Print Courtesy of the National Film and Sound Archive
8:07 PM, 8th June, 2010
Dear God, that is a seriously cheesy title. I do hope this movie isn’t a cheap sleazy knock-off like its title. Sorry, but it had to be said, if only to get it out of the way.
Ok, ok, ok. About the movie: it’s got John Travolta (as FBI agent Charlie Wax). Yeah, yeah, John’s getting on a bit – I’ve read he’s actually really bald now – but he’s not all that bad looking, and he’s been in a lot of good things. It’s also got Jonathan Rhys Meyers (as James Reece, an employee at the US embassy in Paris). He’s also been in a lot of good things, and is younger and much cuter for those who want male eye-candy.

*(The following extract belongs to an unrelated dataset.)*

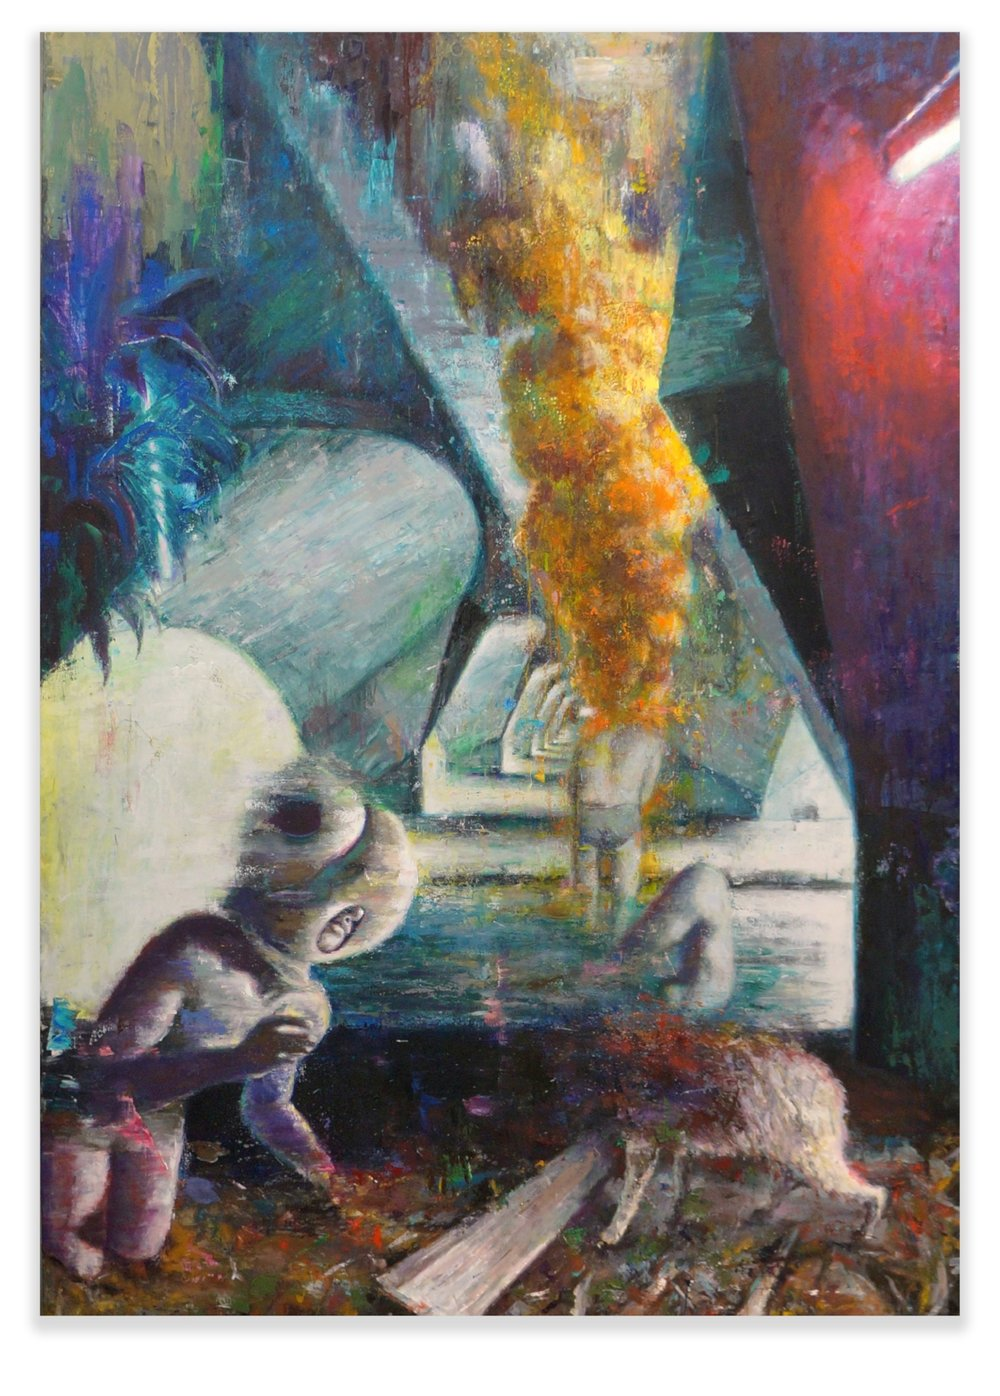 Thermidorians, 2018, oil on canvas, 200x150cm

It’s got some hot chicks in it – it has to; after all it’s called From Paris With Love, and there will be sex scenes. Well, brief ones.
Um, what else? Oh yeah, plot: there’s gonna be a terrorist attack on Paris. Our stars are the good guys. The other guys are the bad guys. The good guys will waste the bad guys. Seriously large amounts of blood and violence. And drugs. And prostitutes. And cool dialogue: “Shoot the f*cker.”. “Next time I tell you to shoot the f*cker, shoot the f*cker!” And so on. You get the picture.

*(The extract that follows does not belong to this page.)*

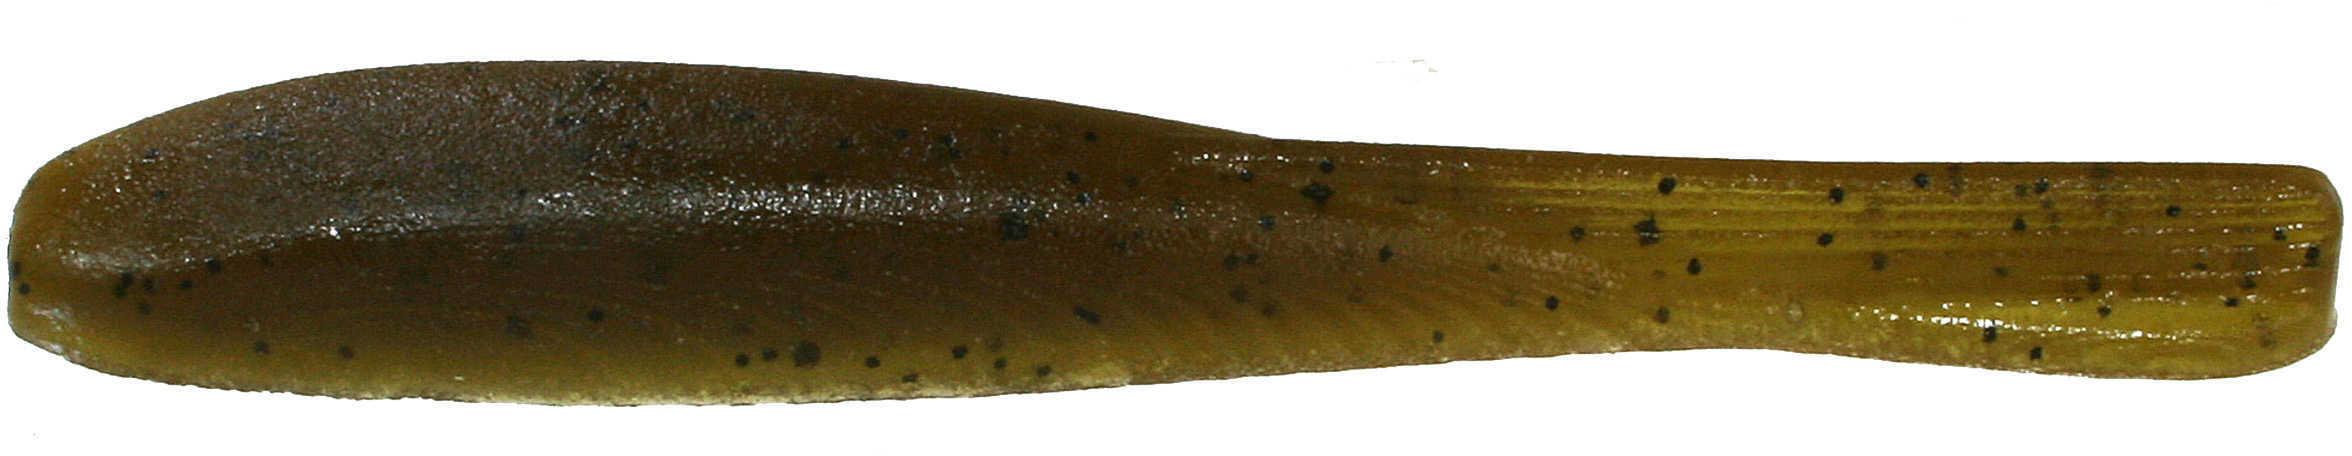 "Jackall Lures Cross Tail Shad Soft Drop Shot Bait Lure 3"" Body Length, Green Pumpkin Pepper, Per 8 Md: JCTS3-GPP"

Ok, maybe it will be a sleazy action knock-off (but it won’t have been cheap, not with livestock like the lead actors) but what the hell, when has that ever stopped a real action-lovin’ guy seeing a real action movie? And you may even be able to con your woman into coming and seeing it with you if you tell her it’s about Paris and Love. Ok, that really was cheap and sleazy, I’d better stop now. Just see the damn movie, ok?